Porta-retratos

A importância a respeito do constante refletir sobre o passado, com o fito de se extrair crescimento de forma maciça, foi discutida em texto anterior. Esta feitura, por sua vez, colima tratar de uma das peças mediante a qual é possível nos manter em comunicação com as nossas páginas pretéritas logrando maior efetividade: os amigos.

Para viver bem, como também já se antecipou em escritos outros, a sabedoria é requerida, sob pena de, em se existindo desvairadamente, tão-somente distanciarmo-nos da elevação quanto mais existimos e, com isso, nenhuma contribuição de grande relevo deixarmos a um número mais significativo de indivíduos, restringindo-nos, e às vezes, apenas aos que nos circundam. A sabedoria, por fim, representa a noção de administração útil de tudo o que nos envolve.

A união possibilita mais crescimento, por óbvio, visto que os aprendizados constantes de cada jornada individual se somam e, na permuta, são encarados sob as mais diversas perspectivas evolutivas. Formula-se nesse processo, com efeito, um salutar intercâmbio.

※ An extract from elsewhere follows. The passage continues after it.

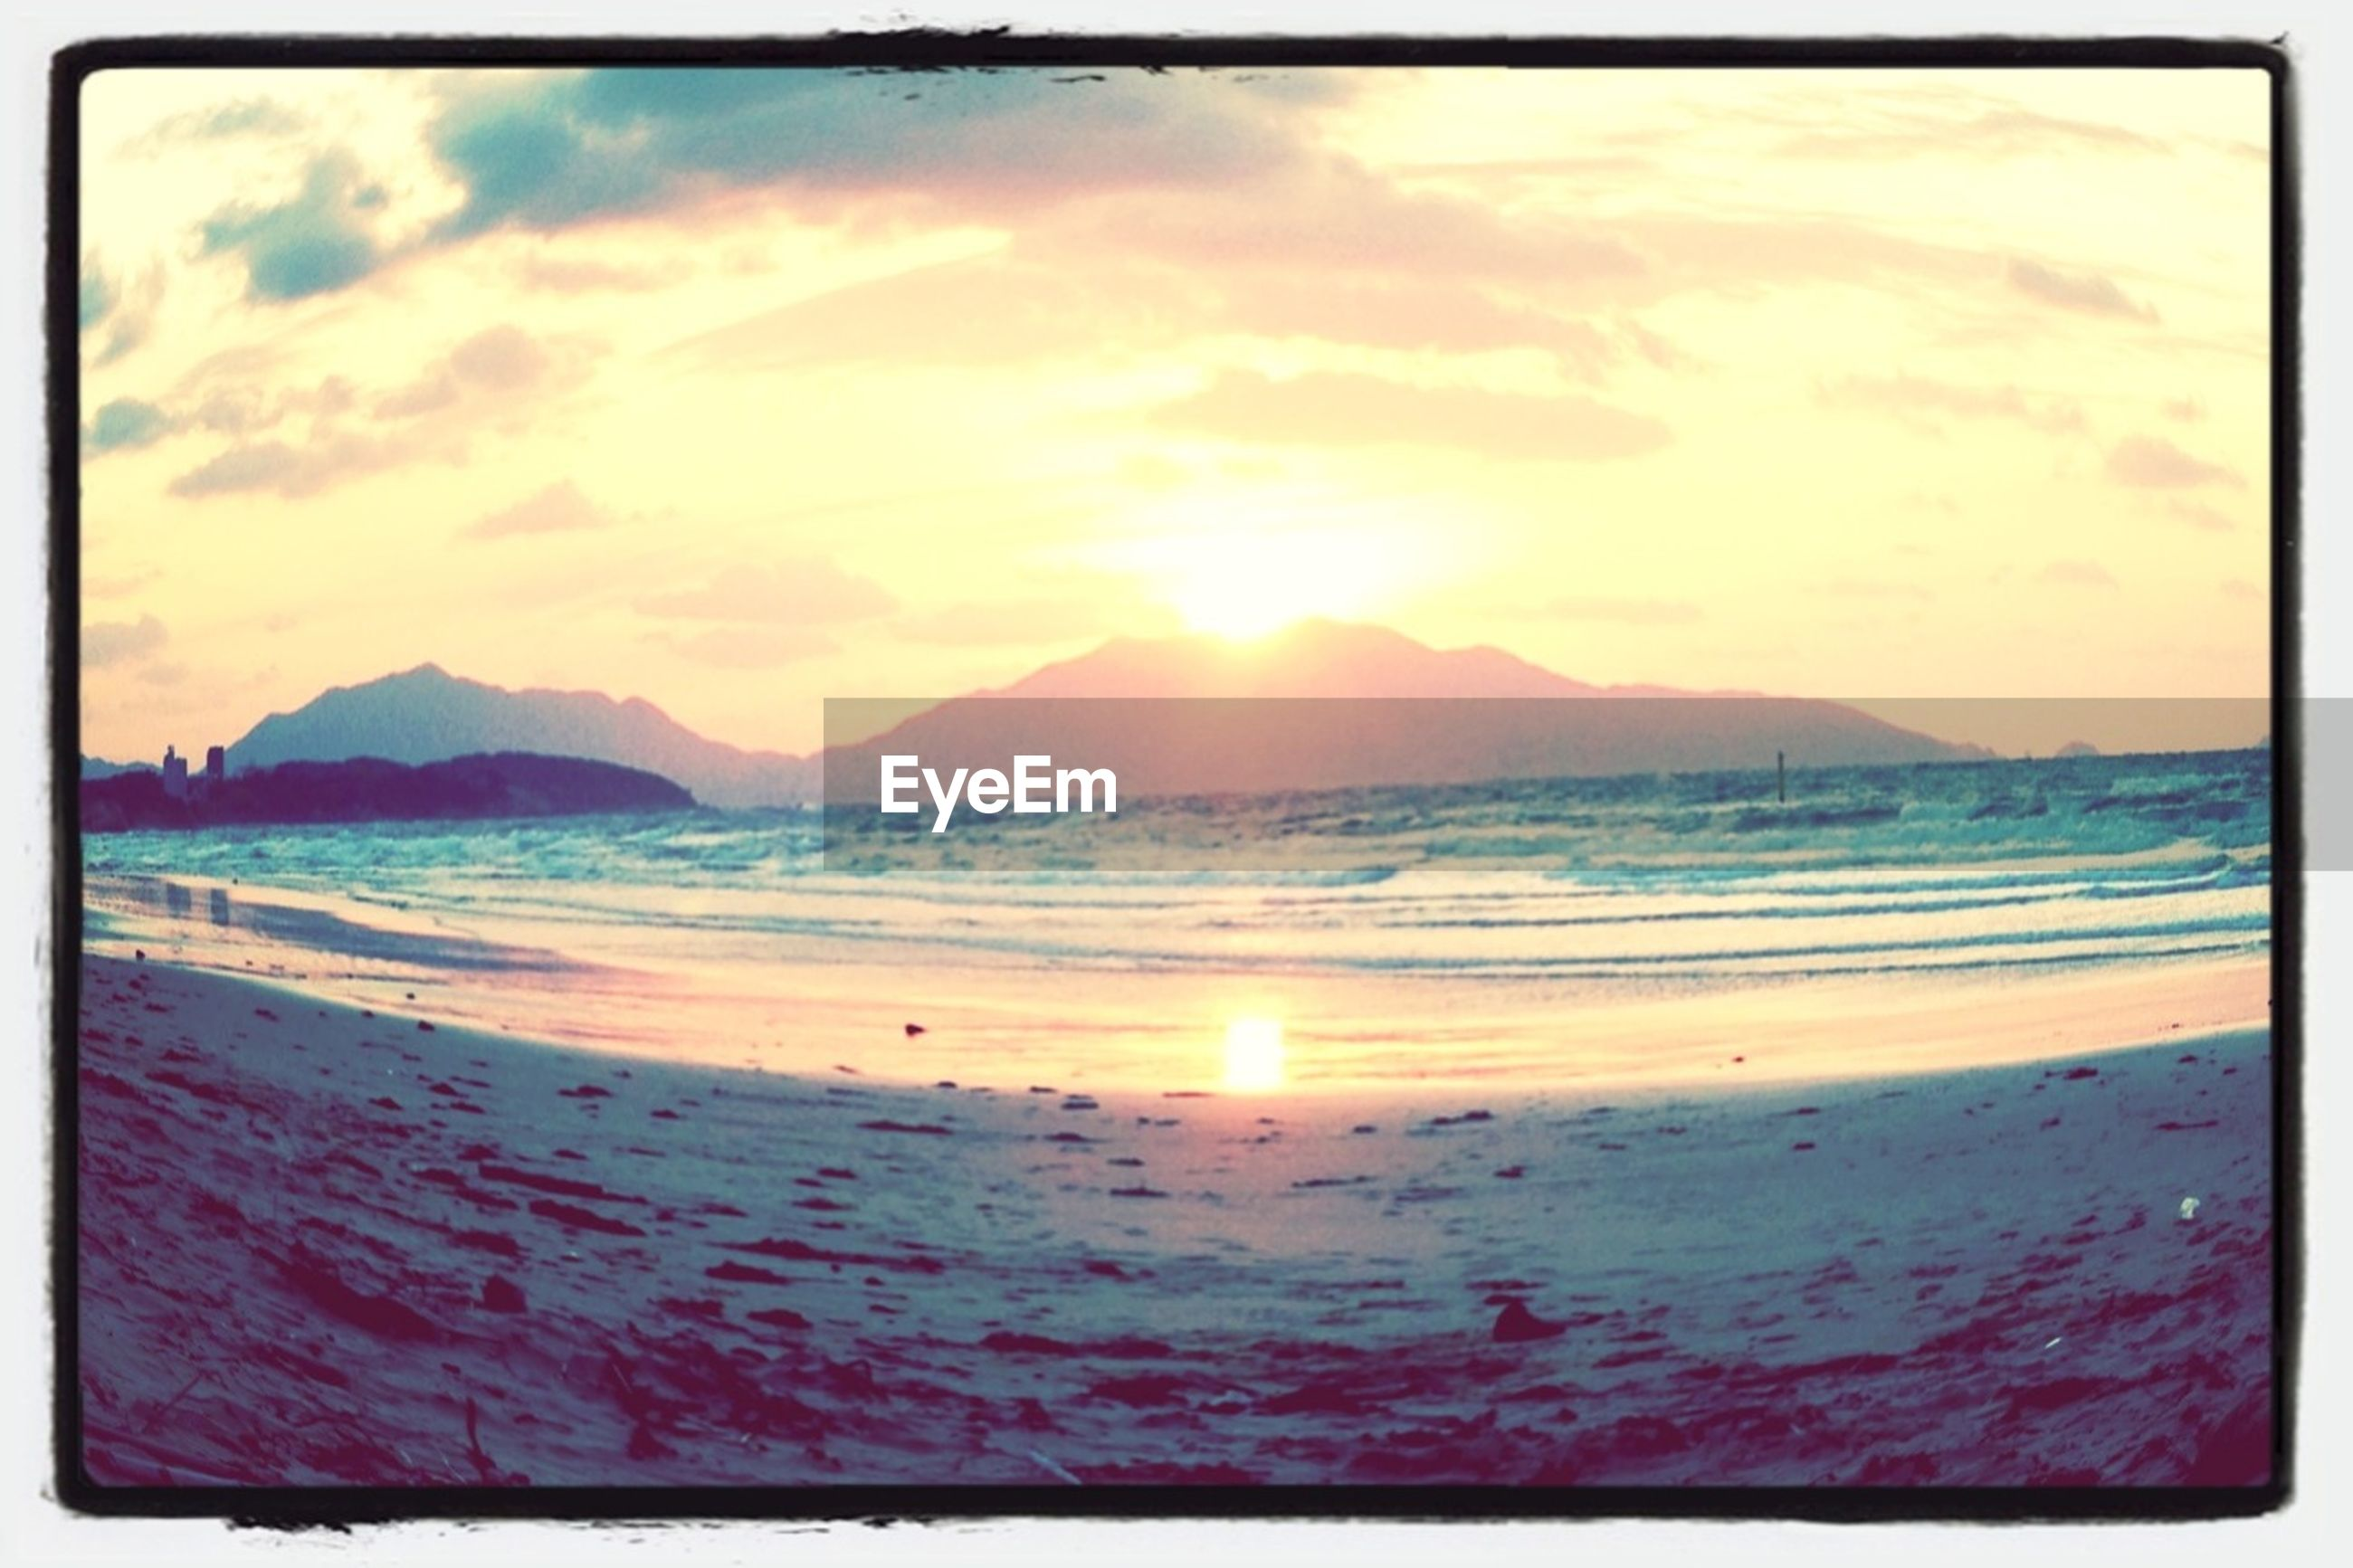 sea, beach, water, sunset, scenics, shore, sky, beauty in nature, tranquil scene, transfer print, sand, tranquility, sun, horizon over water, mountain, nature, cloud - sky, auto post production filter, idyllic, coastline
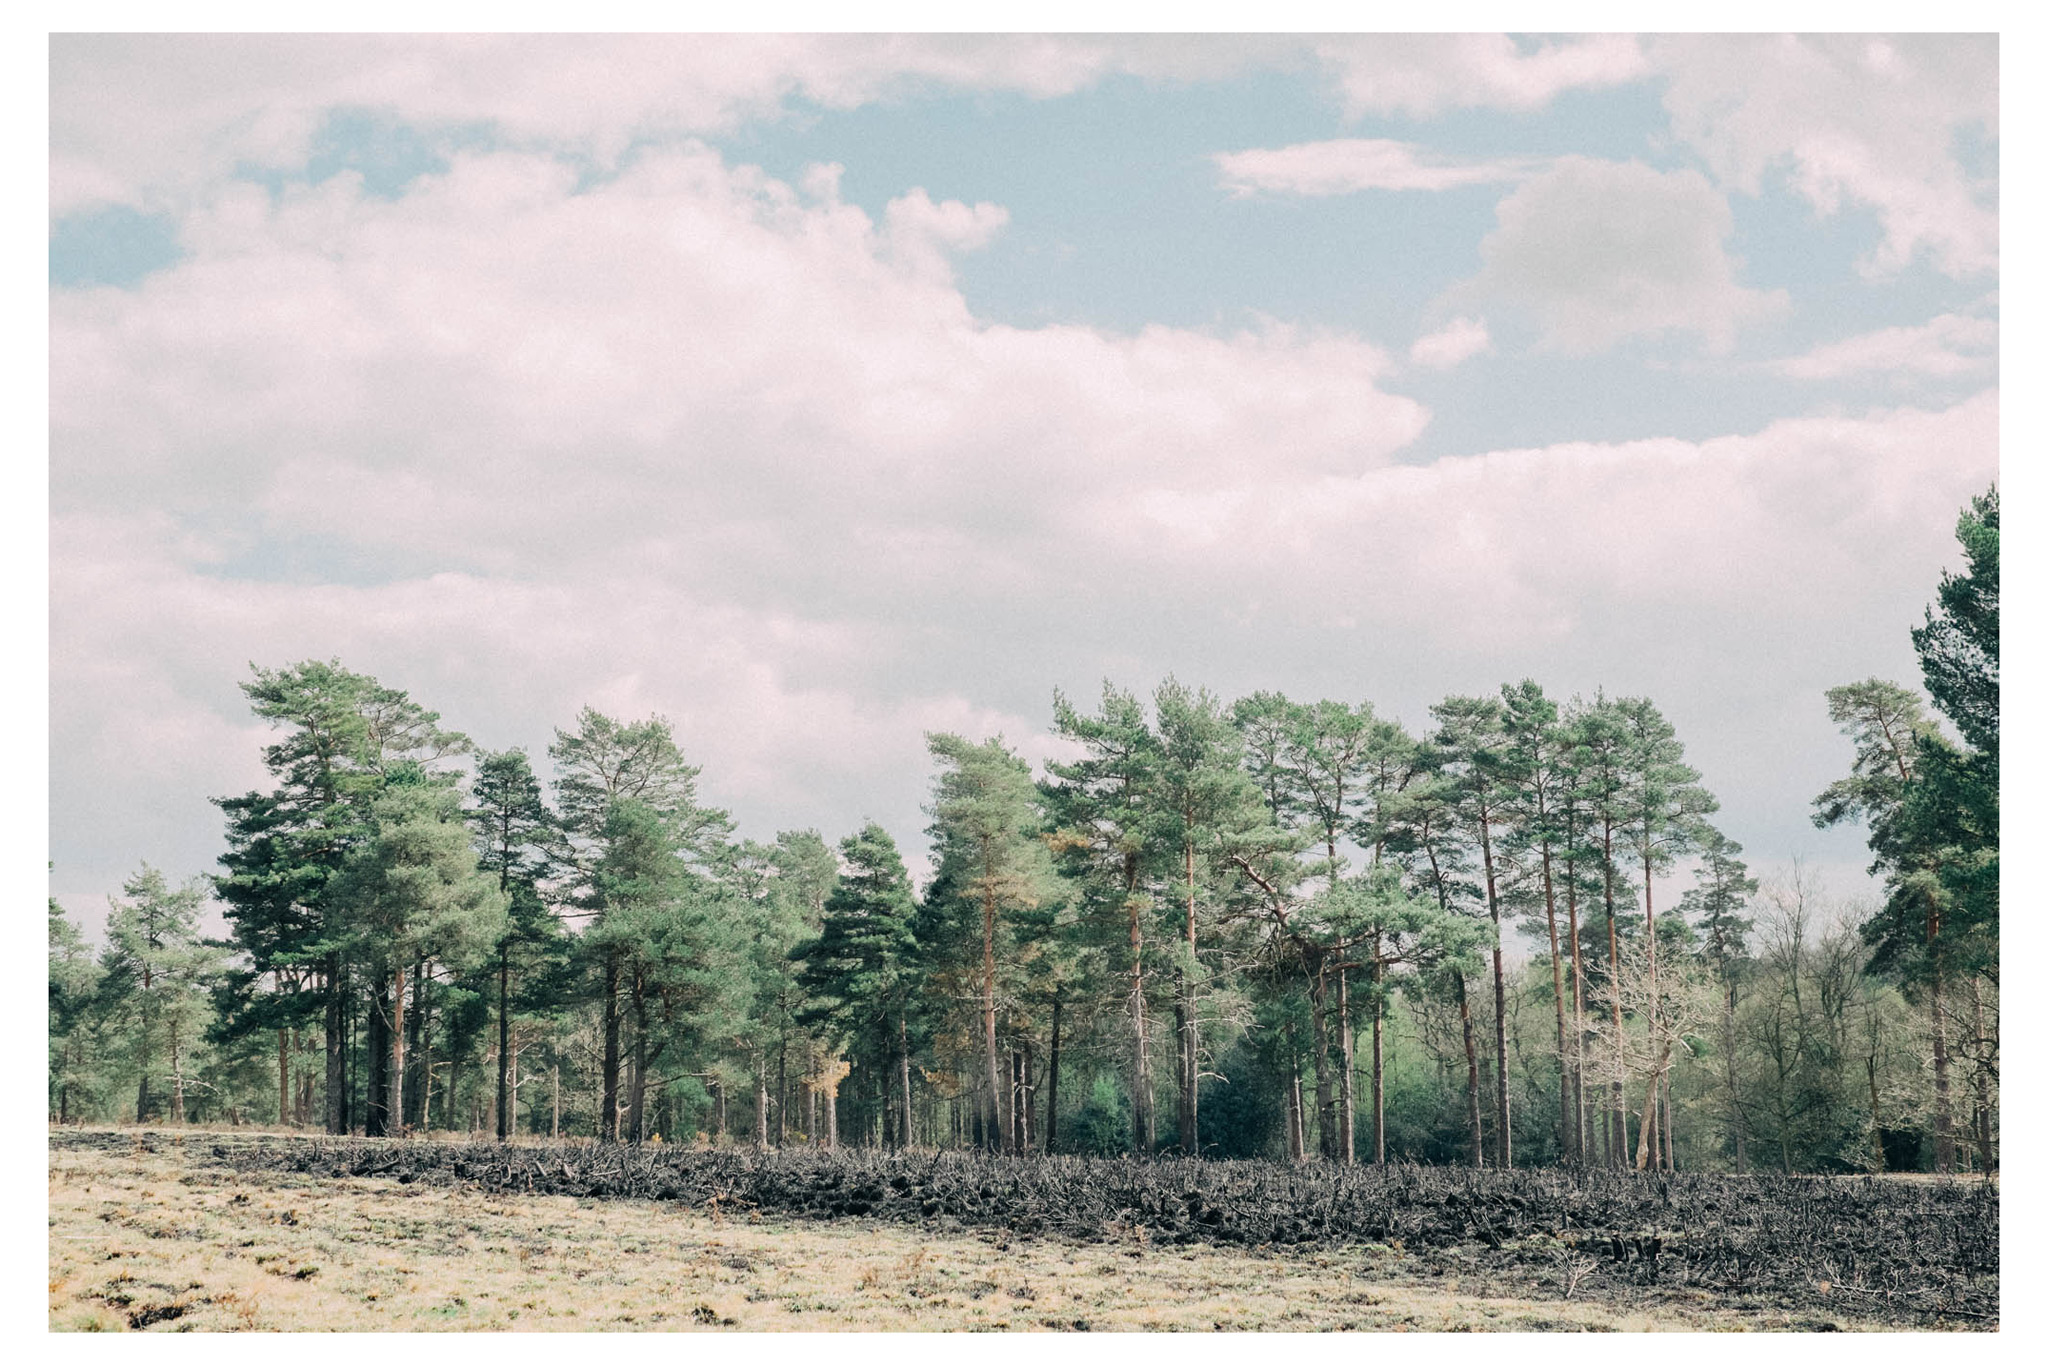 ashdownforest-0149.jpg

Esta é uma forma racional de enxergar a união, seja de amizade ou de quaisquer outras espécies.

Quando, contudo, aludimos a nos atrelar a pessoas com as quais nos afinamos por razões pessoais, tem-se uma magnífica oportunidade de aliar a racionalidade à emotividade e, assim, por sermos seres humanos, irmos mais longe no nosso desenvolvimento individual. É mais do que um necessário vínculo de profissionalismo ou do que aquele imposto pela consangüinidade, a qual, isoladamente, muitas vezes, nada significa.

Os amigos nos ajudam, como dito, a cumprir tal função. O sentimento de afeição por eles existente ganha volume com o protrair do tempo e, conquanto não seja somente em virtude dos bons momentos compartilhados, especialmente, é-o. Embora se deva viver um constante mergulho ao passado como um todo, extraindo prosperidade, incessantemente, de todas as sortes de experiências, é das positivas que as pessoas mais saudáveis lembram-se mais, inclusive pela ânsia de revivê-las.

Com o peso das nossas páginas, fica interessante reviver essas pessoas que nos brindaram com a construção de momentos de êxitos. A força com que esses momentos na nossa mente se instauram, na forma de recordações, é tamanha ao ponto de não permitir que os blocos de anos sejam capazes de ofuscá-las, mas, ao revés, de abrilhantá-las, tornando-as mais especiais do que quando foram propriamente vivenciadas. É algo que não deveria fazer sentido, mas só o faz. O sentimento de nostalgia, naturalmente, suscita um maior apreço e o vulgo, costumeiramente, explica-o.

Os amigos nos mostram a nós mesmos; funcionam como espelhos que permitem que nos enxerguemos, mais intensamente, sob as lentes de outros tempos, explorando quem fomos e, assim, mostrando-nos o porquê de sermos. São as mais sensíveis ferramentas para que se possa compreender a si, em todos os períodos de existência.

Pertinente, neste contexto de idéias, falar em fotografias, que não são deslumbrantes, como hoje em dia muito se concebe, simplesmente porque retratam belas cores e rostos artificialmente fabricados, belos trajes e locais encantadores, mas justamente por aquilo que, sem sensibilidade, não se pode enxergar: a vida como se manifestou e se manifesta; neste caso, por aquilo que cada uma daquelas situações deixou em nós, a germinar, e no que acabou por resultar. O significado maior de cada retrato, invisível que é, apalpa-se pelo sentir.

Os amigos funcionam como os porta-retratos que, quanto mais antigos, mais significado têm, por estarem, conosco, guardando memórias que, apaixonadamente construídas, dirão sempre muito do que fomos, somos e seremos, ao mesmo tempo em que nos encherá de saudades de um tempo que jamais tornará, mas ao qual estaremos eternamente gratos.